Jian-Ping Li¹, Wen-Cheng Wang¹, Jun-Ran Lichen², Yu-Jie Zheng¹

1 Department of Mathematics, Yunnan University, Kunming 650504, Yunnan, China;
2 School of Mathematics and Physics, Beijing University of Chemical Technology, Beijing 100029, China

Received:2021-12-27 Revised:2022-09-02 Online:2024-12-30 Published:2024-12-12
Contact: Jian-Ping Li, Wen-Cheng Wang, Jun-Ran Lichen, Yu-Jie Zheng E-mail:jianping@ynu.edu.cn;wencheng2018a@163.com;J.R.Lichen@buct.edu.cn;zyj15837625043@163.com
Supported by:
This paper is supported by the National Natural Science Foundation of China (Nos. 11861075 and 12101593) and Project for Innovation Team (Cultivation) of Yunnan Province (No. 202005AE160006). Jun-Ran Lichen is also supported by Fundamental Research Funds for the Central Universities (No. buctrc202219), and Jian-Ping Li is also supported by Project of Yunling Scholars Training of Yunnan Province (No. K264202011820).

Abstract

Abstract: In this paper, we address the problem of constructing a Steiner tree in the Euclidean plane $\mathbb{R}^2$ using stock pieces of materials with fixed length, which is modelled as follows. Given a set X = {r₁,r₂, …,r_n} of n terminals in $\mathbb{R}^2$ and some stock pieces of materials with fixed length L, we are asked to construct a Steiner tree T interconnecting all terminals in X, and each edge in T must be constructed by a part of that stock piece of material. The objective is to minimize the cost of constructing such a Steiner tree T, where the cost includes three components, (1) The cost of Steiner points needed in T; (2) The construction cost of constructing all edges in T and (3) The cost of stock pieces of such materials used to construct all edges in T. We can obtain two main results. (1) Using techniques of constructing a Euclidean minimum spanning tree on the set X and a strategy of solving the bin-packing problem, we present a simple 4-approximation algorithm in time O(nlogn) to solve this new problem; (2) Using techniques of computational geometry to solve two nonlinear mathematical programming to obtain a key Lemma 8 and using other strategy of solving the binpacking problem, we design a 3-approximation algorithm in time O(n³) to resolve this new problem.

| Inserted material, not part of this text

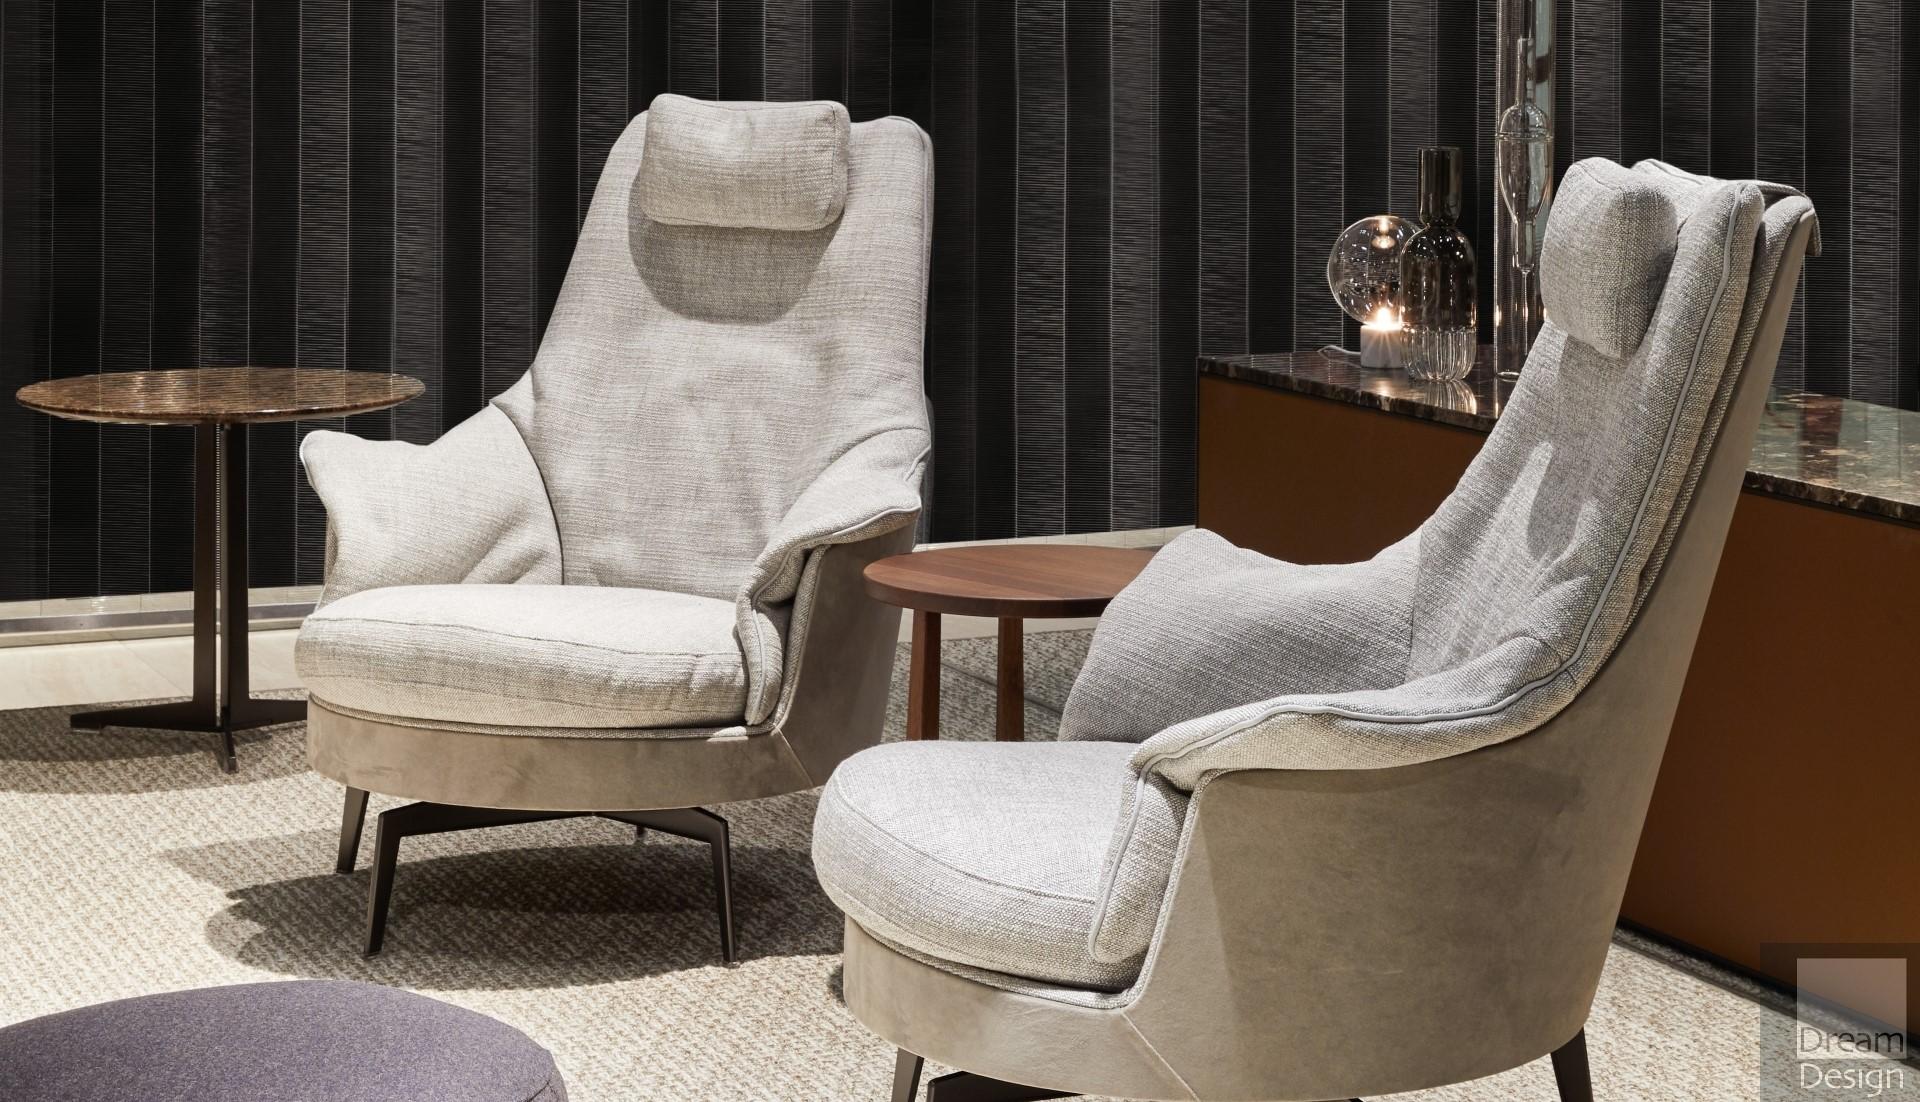 Flexform Guscioalto Light Armchair Dream Design

Key words: Combinatorial optimization, Euclidean plane, Steiner tree, Stock pieces of materials with fixed length, Approximation algorithms

CLC Number:

Jian-Ping Li, Wen-Cheng Wang, Jun-Ran Lichen, Yu-Jie Zheng. Approximation Algorithms for Constructing Steiner Trees in the Euclidean Plane R² Using Stock Pieces of Materials with Fixed Length[J]. Journal of the Operations Research Society of China, 2024, 12(4): 996-1021.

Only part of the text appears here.